Climate change affects all, directly or indirectly. For the last half a decade, public communication about it has been framed in terms of “crisis,” “emergency,” and served the need to bring attention to the unfolding global disaster. Yet this type of anxiety-inducing discourse may not be helpful in the long run. The media needs to know how to keep audiences engaged with the story – and motivated to act upon it. The new monograph Effective Climate Communication: Turning Eco-Anxiety into Eco-Empowerment looks at the pragmatic ways to formulate climate communication for a problem that is here to stay.

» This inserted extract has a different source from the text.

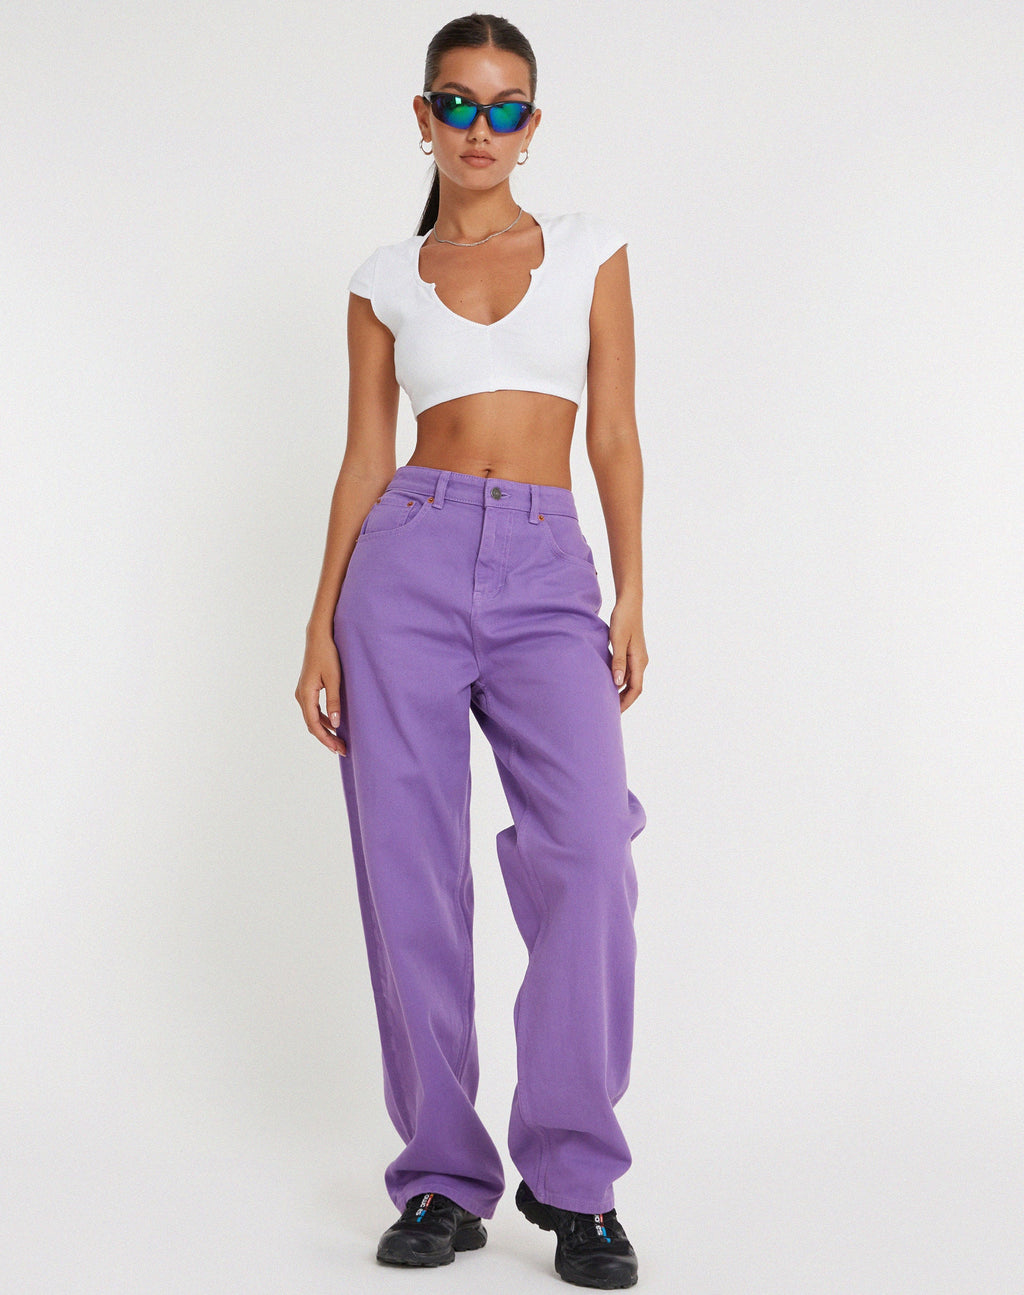 Parallel Jeans in Purple
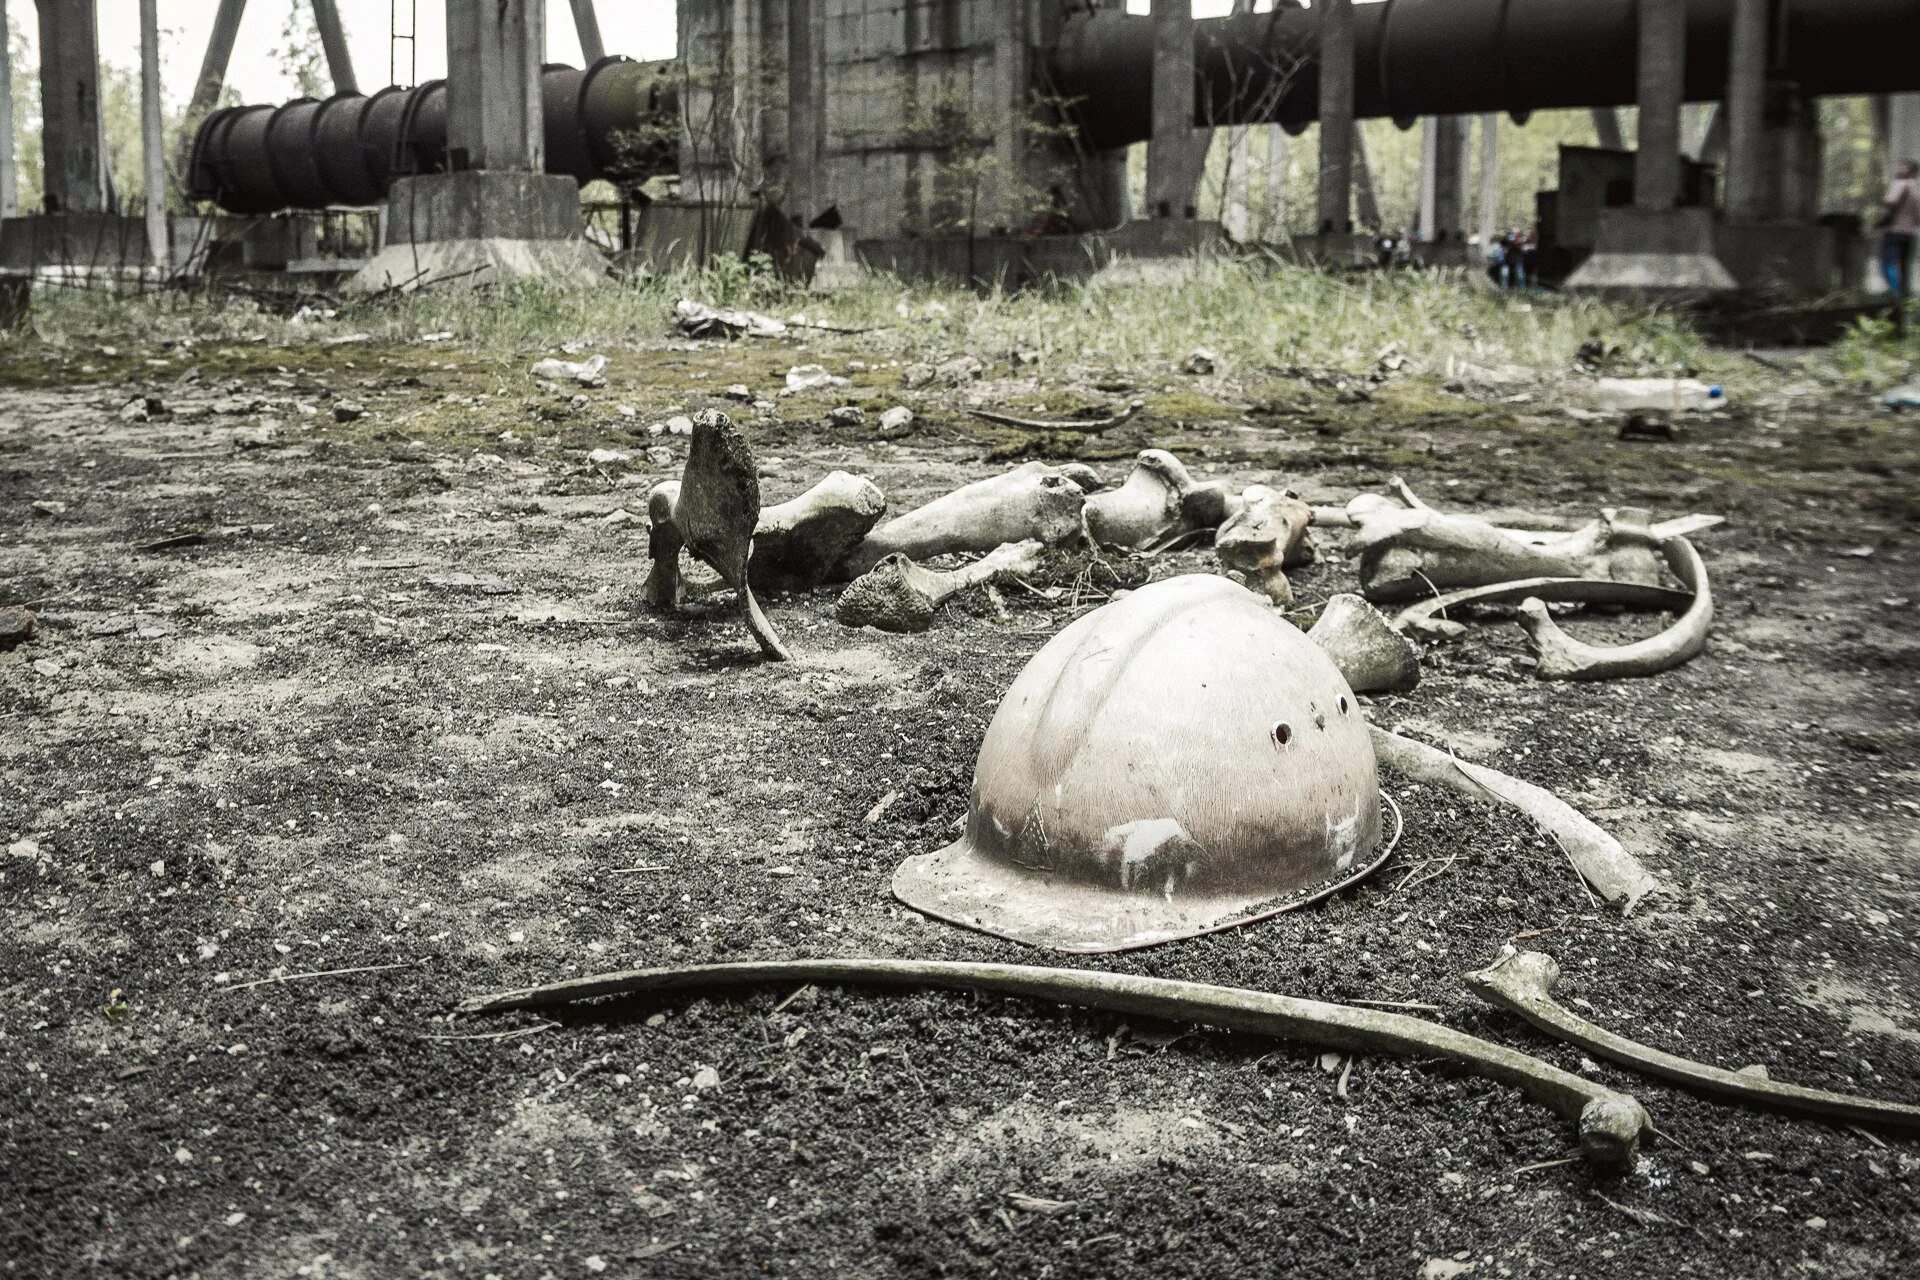 Chernobyl nuclear. Чернобыль взрыв. Припять авария на Чернобыльской АЭС. Чернобыль катастрофа. Чернобыль реактор.

1. Highlight Actionable Solutions
If you were deadly afraid of snakes, would it make you feel better if you saw someone holding one in their arms? Probably. But what if I asked you to hold the reptile yourself, if it were in a safe environment and with the professional available to protect you? According to a well-known experiment by the Canadian-American psychologist Albert Bandura, both approaches to snake phobia are useful to build the sense of self-efficacy, or the belief in one’s own capacity to organise and execute actions in a particular situation. To build a sense of efficacy, holding the snake yourself is even better than observing someone else do it.
Applying this approach to climate change means providing the audience with the action points or stories that explain what is being done or can be done to curb or mitigate climate change. The action points can be individual or collective – the important thing is to offer the implementable, actionable ideas to the audience.
Living in an age of multiple crises (or “present shock” as coined by media thinker Douglas Rushkoff), means being exposed to too many notifications and news headlines, many of them negative and overwhelming. Climate change discourse tends to be dominated by the frames of catastrophe, crisis, disaster. Even as these frames are rightfully true of many climate-related events, they can remove the audience’s sense of agency. Offering solution-oriented storytelling can empower people to make sustainable choices in their daily lives, voting decisions, and point to the intervention points at community and national levels.
Unlike “problem journalism,” solutions journalism aims to provide not only a factual description of the problem, but include thoroughly-researched possible solutions. Similarly, constructive journalism presents to the audience the developments that are positive and progressive, thus addressing the negativity bias inherent in traditional news.
While research on constructive and solutions journalism reveals that they may still instill a sense of worry as they describe problems, their net benefit shows that they are worth exploring as empowering modes of climate reporting.
2. Connect Global Crises to Local Stories
Climate coverage often suffers from what I call delocalisation. There is a gap between reporting on immediate disasters and the high-level global climate change agenda, which prevents audiences from engaging with a clear understanding of the issue or better preparing for its effects within their own communities.